Joker is one of the most divisive films released in recent years. Last year when it screened at festivals in Europe, like the Venice Film Festival, it was lauded with an eight-minute standing ovation. Cut to the worldwide release and many critics, especially in the States, were less than warm to the film. This antipathy towards Joker was surprising considering the critical acclaim the film received in Europe during its run of the festival circuit. You would think an art film starring Joaquin Phoenix at the top of his game, which won the Golden Lion at the Venice Film Festival, would be accepted with open arms by mainline critics. Alas, it was not the case.
No film is immune to criticism but when surveying the negative comments for Joker, most of the vitriol against the film is less about the artistic quality than it is about the social and political messages it conveys. Negative reviews slammed the film through an ideological lens more so than from an artistic one. Artistic criticism for the film was often superficial and tacked on.
For example, when offering an analysis of Joker/Arthur Fleck, Jordan Hoffman from The Guardian stated that, “There’s little depth to the character other than, you know, he’s nuts!” Hoffman offers more superficial criticism when he rails against the claim that Joker is a comic book film when in reality it’s not. Debate on whether it is a comic book film is besides the point when discussing its artistic merits.
Another superficial critique is that the film rips off Martin Scorsese’s Taxi Driver and The King of Comedy. Matthew Rozsa from Salon hammers this criticism home by writing “…while it succeeds in aping the superficial aspects of Scorsese’s style, Joker lacks the intelligence or gravitas of Scorsese’s best work.” Todd Phillips pays homage to those films, but he does so as a sign of respect and to highlight the thematic similarities without blindly aping or copying them. Snobby critics perhaps feel, as a lowly comic book film, Joker is taking itself too seriously, therefore it has to be put back in its place.
While the film could be criticised for bad acting, poor writing etc., the critical talking points like the examples mentioned above are paper-thin, possibly used to mask critics’ disdain for the film’s socio-political themes as well as its thinly veiled critique of the mass media. Critics lambasted the film’s seemingly pro-incel character and message. They latched onto and promoted the idea that Joker would inspire mass-shootings while at the same time promoting toxic masculinity. Others claimed the film was racist by including scenes in which Arthur Fleck is beaten up by black youths and a black lady on a bus reprimanding him for interacting with her child. They argue that it glorifies the bad guy. Not all these critiques are off-base or lack merit but saying the film is racist is perhaps taking it too far. Perhaps Todd Phillips was stimulating debate by deliberately poking at these ‘woke’ talking points, precipitating the media’s knee-jerk over-reaction.
As mentioned previously, the film’s critique of the media could possibly be one reason why many critics slammed the film. This point is credibly argued by Zoey Carter from Evie magazine. She believes that the film offers a mirror to the mass media, a rebuke for its love of sensationalism. She argues that in the film, the media with their sensational reporting creates the Joker. She writes, “the real villain of the film is the media, the media which gives a loner all the attention he ever wanted (after, of course, he kills a few people). You see, the media in Joker don’t just create the monster, they feed the monster. And that is why the media doesn’t want you to see it.”

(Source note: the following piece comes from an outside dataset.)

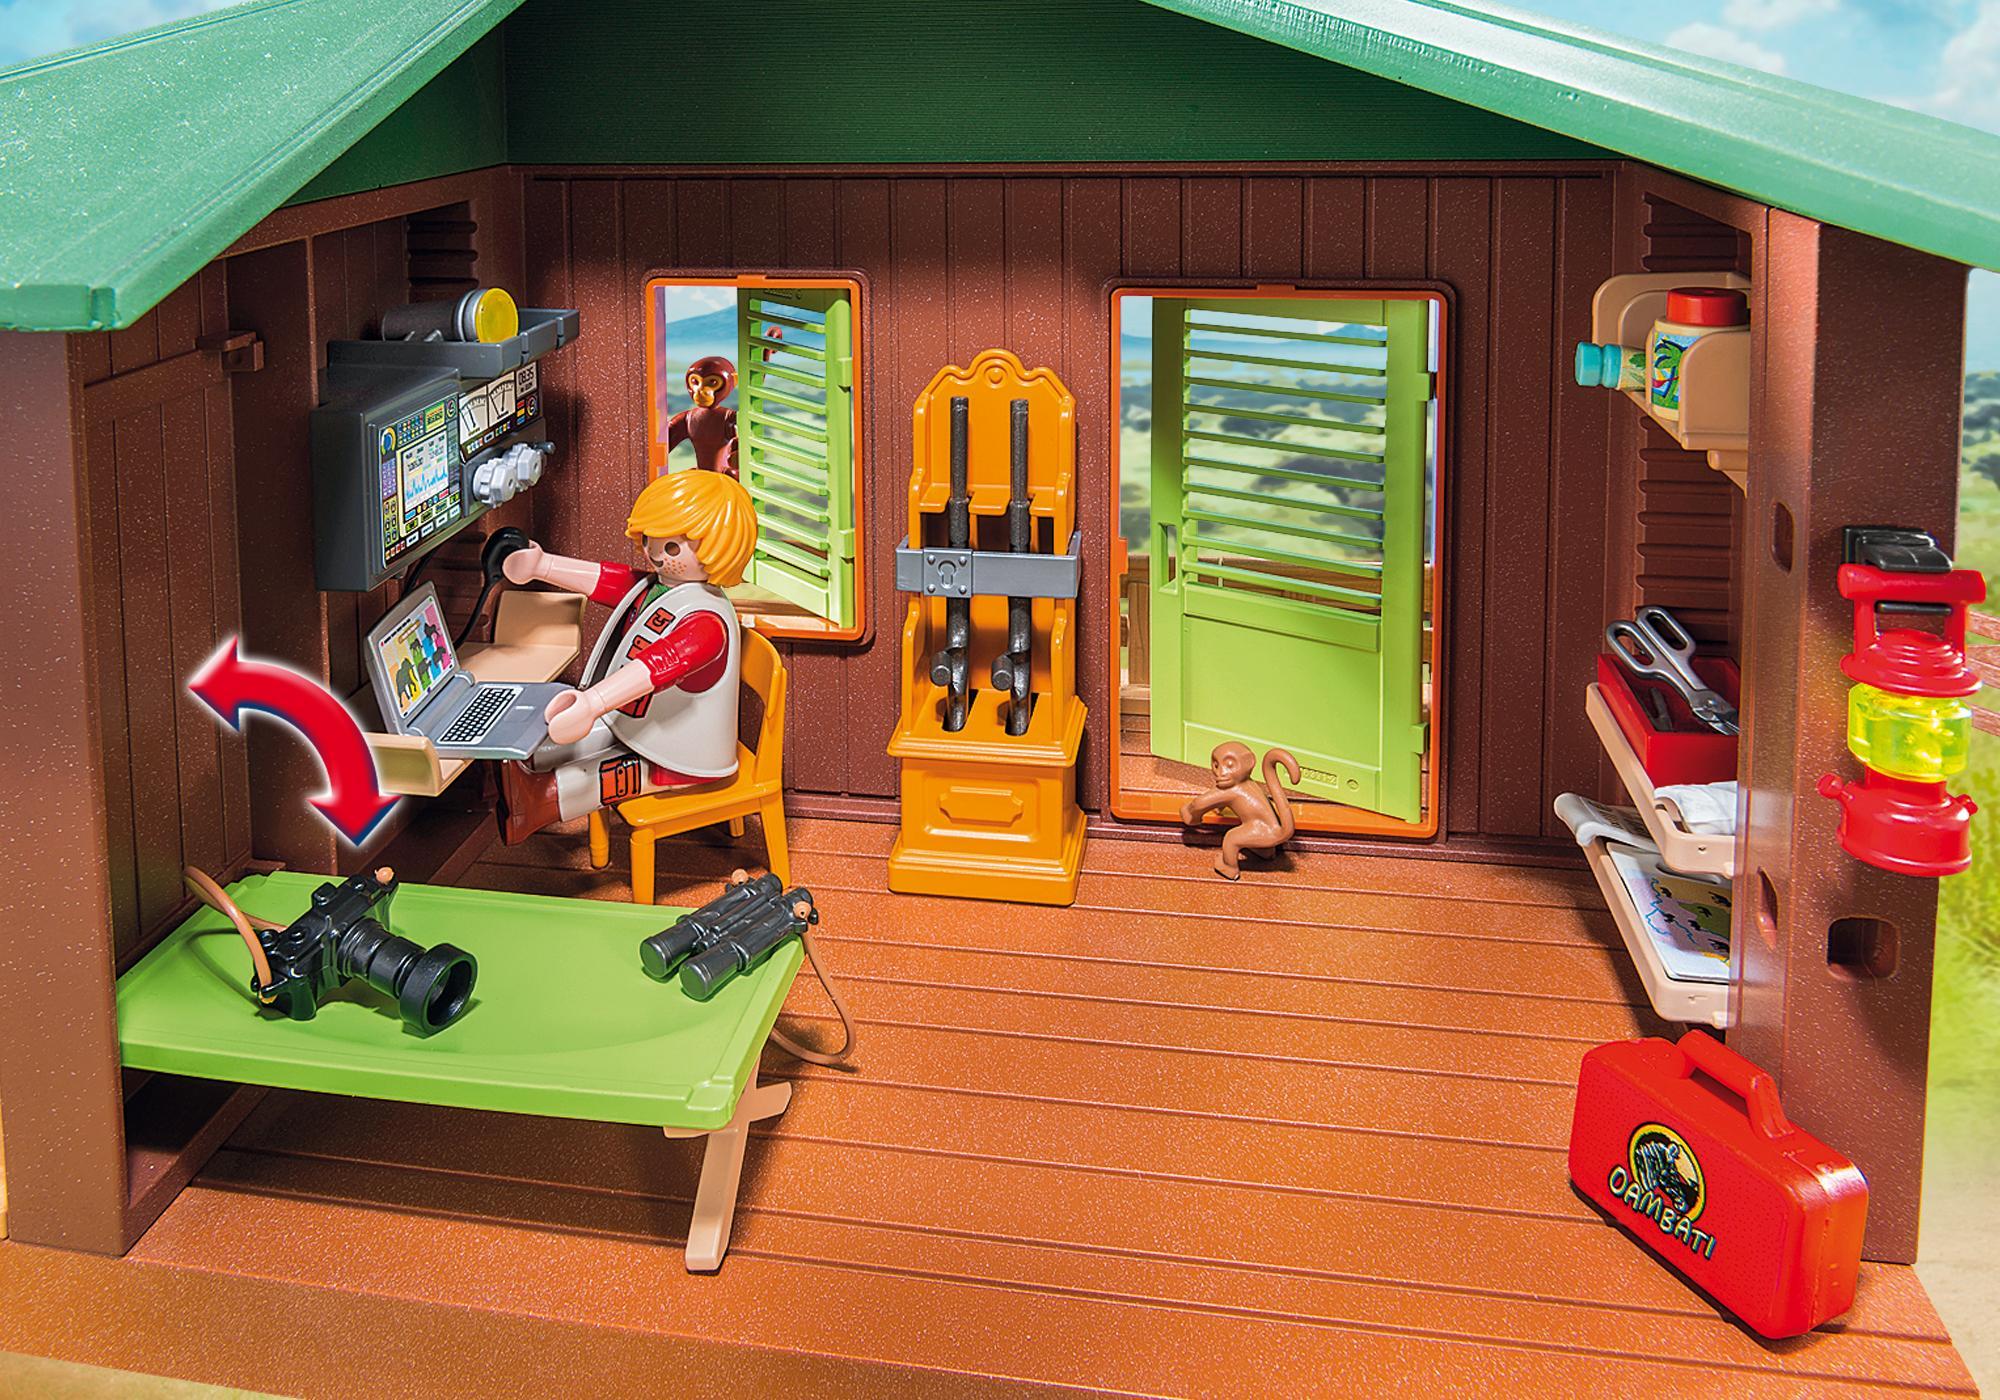 http://media.playmobil.com/i/playmobil/6936_product_extra2/Σταθμός περίθαλψης άγριων ζώων

Todd Phillips was particularly astute in his role as storyteller and socio-political commentator. His film incorporated criticism of both the left and right of the political spectrum. He delivered a sophisticated critique of Republicans in the figure of Thomas Wayne, who comes across as a cold capitalist as well as the Democrats whose influence exerts too much of the media. The same sensationalist media who fuel anarchist groups like Antifa, groups which are perhaps alluded to in the film when Fleck takes to the streets and joins the mob after his appearance on television.
Inexplicably, Joker has been nominated for 11 Oscars. A truly bizarre turn of events. Surprising because it is rare for an art film to be disliked by so many top film critics while simultaneously receiving high recognition by the Academy. Despite many critics slating the film, the viewing public has lauded it. Perhaps watching it through less of an ideological lens, making them far more accepting and appreciative of the film. Whether Joker wins big or not, Todd Phillips has succeeded in offering a gripping and iconic film which raised the bar for comic book filmmaking in the same way Christopher Nolan’s Dark Knight trilogy did.
Once the dust has settles and the debates have ceased, Joker will become a slice of history and a commentary of the turbulent times we currently live in.